But, he didn’t want a contemporary portrait: “who wants to see old people?” is what he said. Instead he located a photo from a while back — the late Jurassic I think — in what looks like a friend’s wedding scenario.
Composition-wise they were too far apart, so I photo-shopped a version where they touched shoulders.
As is usual, I made a list of things to pay attention to when painting. I won’t put the whole list here, but it’s instructions like:
Sadly, the list isn’t instructions in how to capture the real person, so that when looking at the painting, a friend of his would say, “Yes! That’s really Urs!”.

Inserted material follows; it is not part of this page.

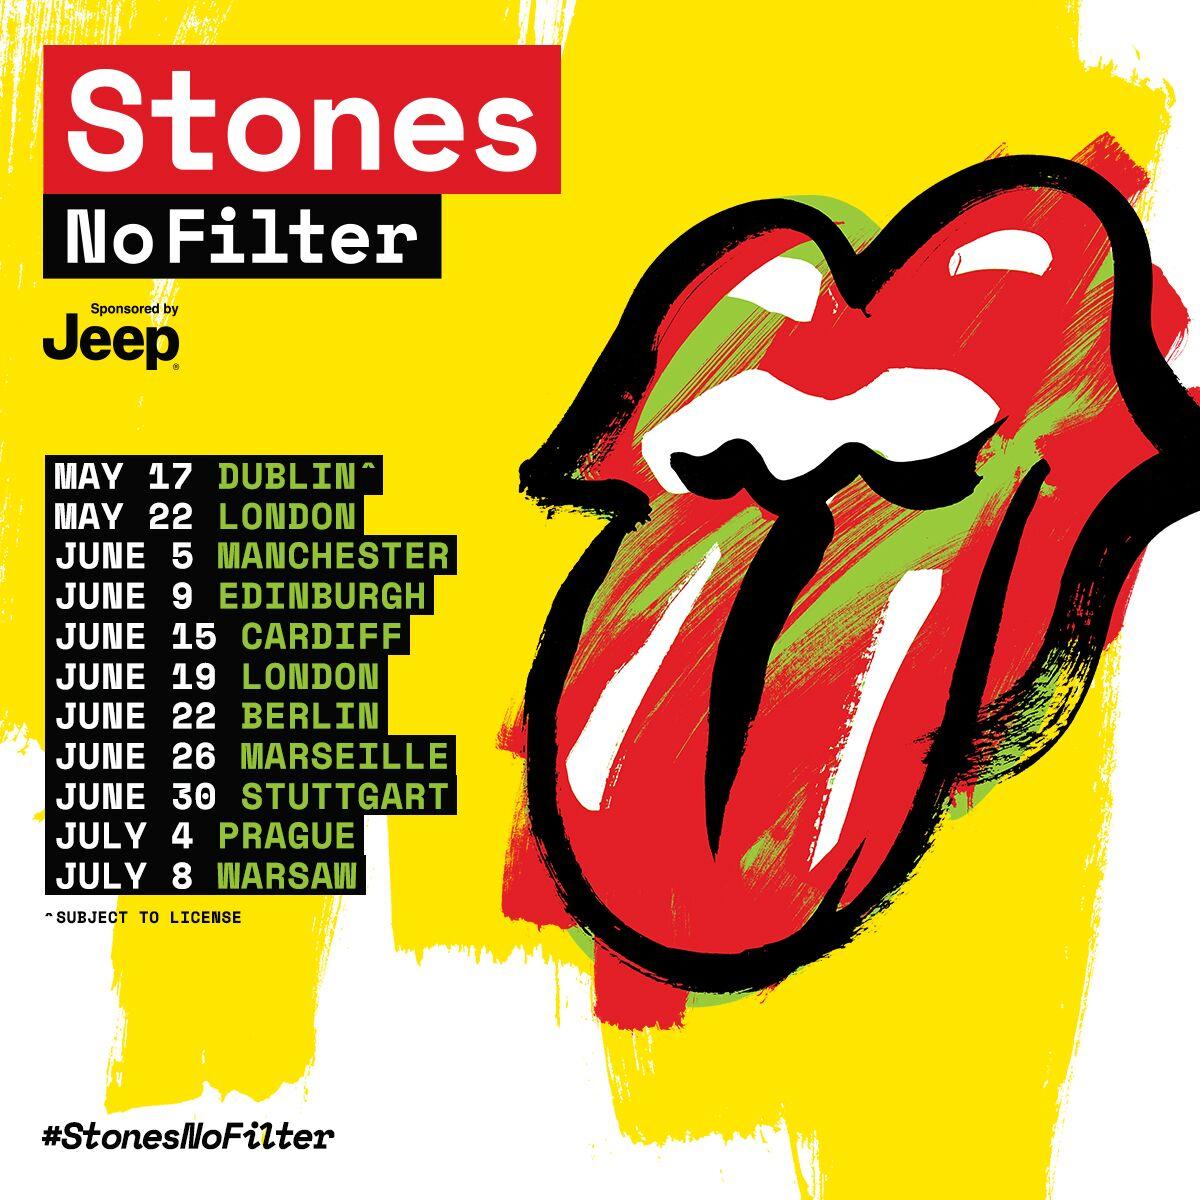 The Rolling Stones. - Página 19 DW8lEnbW0AE0S4V

I wish I could do that. My current thinking is that it involves a kind of caricature of the person, where you emphasize what is recorded in people’s brains when they recognize a face. The painting then triggers that neuron connection — whatever it is — that flips the brain from “unknown random person” to “oh, that’s Melvin in an elf costume”. OK, that’s a stretch, but there is something that triggers recognition, and I haven’t found the secret sauce yet.
The list has some entries that involve a lot of work…
because hair and fur are really difficult — involving a lot of strokes in a layered fashion from light to dark — even if it looks like dark to light is the desired order.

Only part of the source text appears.